Reputation: 63
I'm trying to load a pyspark dataframe into Azure SQL DB using Apache Spark Connector for SQL Server and Azure SQL in Azure DataBricks Env
[Environment] - Azure DataBricks
[Dataset] - NYC Yellow Taxi Dataset
It works fine for data size around 30M, but for the data sizes around 90M I get the below issue:
org.apache.spark.SparkException: Job aborted due to stage failure: Task 5 in stage 20.0 failed 4 times, most recent failure: Lost task 5.3 in stage 20.0 (TID 381) (10.139.64.7 executor 5): com.microsoft.sqlserver.jdbc.SQLServerException: Database '[database]' on server '[servername]' is not currently available. Please retry the connection later. If the problem persists, contact customer support, and provide them the session tracing ID of [some id]
The code that I use:
try:
df.write \
.format("com.microsoft.sqlserver.jdbc.spark") \
.mode("overwrite") \
.option("truncate", True) \
.option("url", url) \
.option("dbtable", "dbo.nyc_yellow_trip_test_2017") \
.option("user", username) \
.option("password", password) \
.save()
except ValueError as error :
print("Connector write failed", error)
Upvotes: 0
Views: 276
Reputation: 3240
Sometimes that error comes as result of intermittent failures on specific regions.
You can check Resource health in Left vertical panel as shown in below image.

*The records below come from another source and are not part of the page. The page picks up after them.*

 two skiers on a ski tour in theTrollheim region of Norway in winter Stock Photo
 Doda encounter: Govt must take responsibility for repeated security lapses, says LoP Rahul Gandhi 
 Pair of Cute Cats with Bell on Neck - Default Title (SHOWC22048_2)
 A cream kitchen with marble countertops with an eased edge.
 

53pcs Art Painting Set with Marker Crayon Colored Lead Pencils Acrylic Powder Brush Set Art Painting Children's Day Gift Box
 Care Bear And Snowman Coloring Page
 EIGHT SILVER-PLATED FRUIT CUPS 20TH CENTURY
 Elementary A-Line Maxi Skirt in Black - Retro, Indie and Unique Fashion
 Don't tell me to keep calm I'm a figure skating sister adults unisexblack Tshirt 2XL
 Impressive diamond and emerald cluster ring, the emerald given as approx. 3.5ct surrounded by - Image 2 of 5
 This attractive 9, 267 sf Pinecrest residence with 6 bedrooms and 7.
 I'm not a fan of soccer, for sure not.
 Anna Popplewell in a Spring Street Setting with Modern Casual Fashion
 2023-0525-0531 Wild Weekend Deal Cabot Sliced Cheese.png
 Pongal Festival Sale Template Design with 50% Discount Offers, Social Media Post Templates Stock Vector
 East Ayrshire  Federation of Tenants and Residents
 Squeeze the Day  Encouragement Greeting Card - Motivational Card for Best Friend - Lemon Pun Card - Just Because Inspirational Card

In the cloud environment you'll find that failed and dropped database connections happen periodically. That's partly because you're going through more load balancers compared to the on-premises environment where your web server and database server have a direct physical connection. Also, sometimes when you're dependent on a multi-tenant service you'll see calls to the service get slower or time out because someone else who uses the service is hitting it heavily. In other cases you might be the user who is hitting the service too frequently, and the service deliberately throttles you – denies connections – in order to prevent you from adversely affecting other tenants of the service.
Upvotes: 0